Here is a great passage from an Australia case (
Mainteck Services v. Stein Heurtey) on contractual interpretation:
What is the legal meaning of a promise to sell "my Dürer drawing", if
the vendor's wife owns a Dürer drawing which is on display in their
home, and the vendor keeps another secretly in his study? What is the
meaning of a gift "to my niece Eliza Woodhouse during her life" in a
will, if the testator had no such niece, but a grandniece of that name,
and another grandniece, who was illegitimate, who lived with him: cf In re Fish; Ingham v Rayner [1894]
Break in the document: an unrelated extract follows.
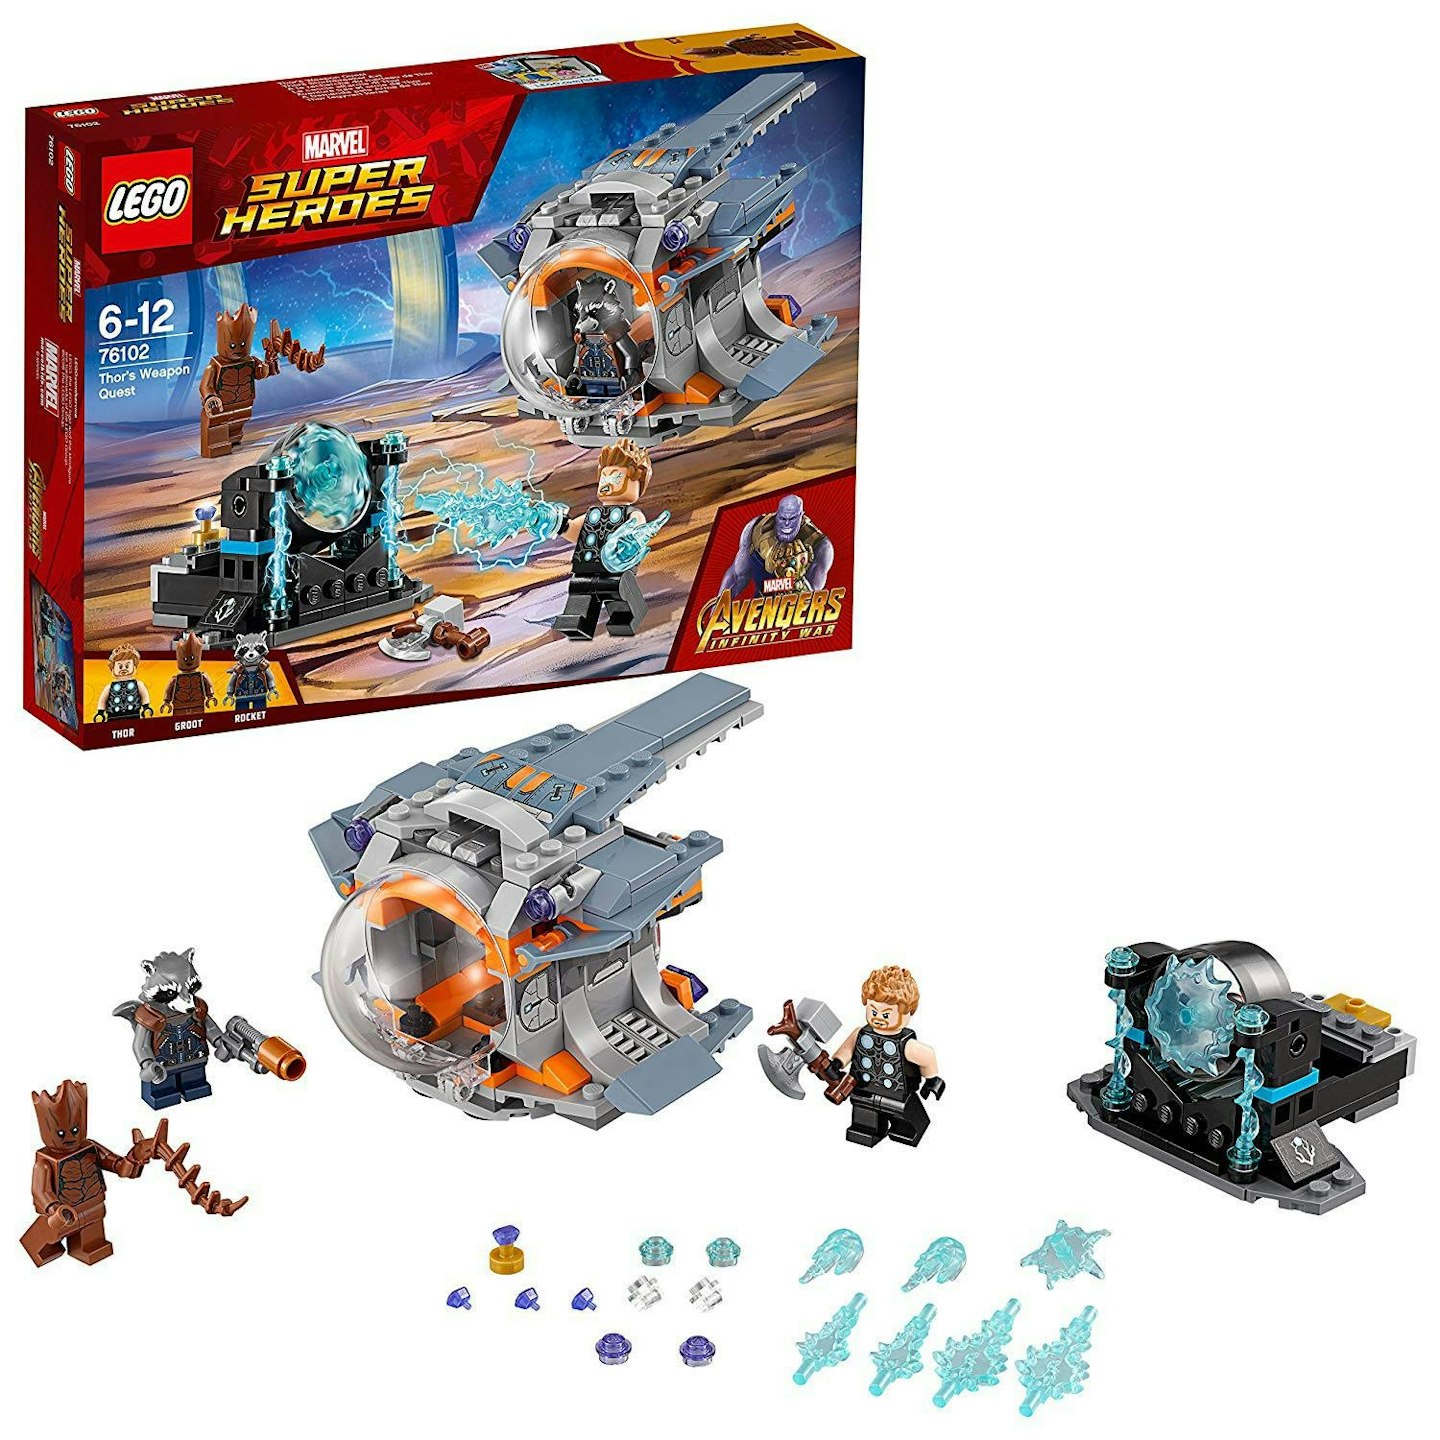 Lego Thoru2019s Weapon Quest Playset, £23.99

2 Ch 83? What is the meaning of cl 7 of the Wild Dog Destruction
Regulation 1999, which provided "The Wild Dog Destruction Regulation
1994 is repealed"? Contracts, wills and statutes are very different
legal texts, to the process of ascertaining whose legal meaning
different rules apply, yet all are based on language, and language is
unavoidably contextual. If I may repeat what I wrote of the uncertain
meaning of the Wild Dog Destruction Regulation in Resolving Conflicts of Laws (Federation
Press 2011), p 13, "The meaning of even the seemingly clearest legal
text can be unclear, hence the importance of attending to context in the
first instance."
In a similar vein, Morissette J.A. recently wrote:
[9]
En ce sens, parler en matière de révision
judiciaire d’une « erreur déraisonnable » risque de créer une
fâcheuse confusion des genres. Il ne peut pas y avoir plusieurs réponses à la
question 2 + 2 = ? Il n’y en a qu’une seule, toutes les autres sont erronées,
aucune d’entre elles n’est « raisonnable » et qualifier les unes ou
les autres de « déraisonnables » n’ajoute strictement rien à la
compréhension des choses. Mais en matière d’interprétation juridique et de
révision judiciaire, on est loin de l’arithmétique élémentaire. Et en l’absence
d’une décision ou d’une interprétation déraisonnable, la réponse à privilégier
est celle donnée par le tribunal administratif que le législateur a désigné
comme le décideur dont ce genre de litige est la spécialité – ici, le TAQ.
Interpretation is not arithmetic and much will turn on context. In administrative law, context will often be best appreciated by an administrative decision-maker, the body designated by the legislature to undertake that interpretive task.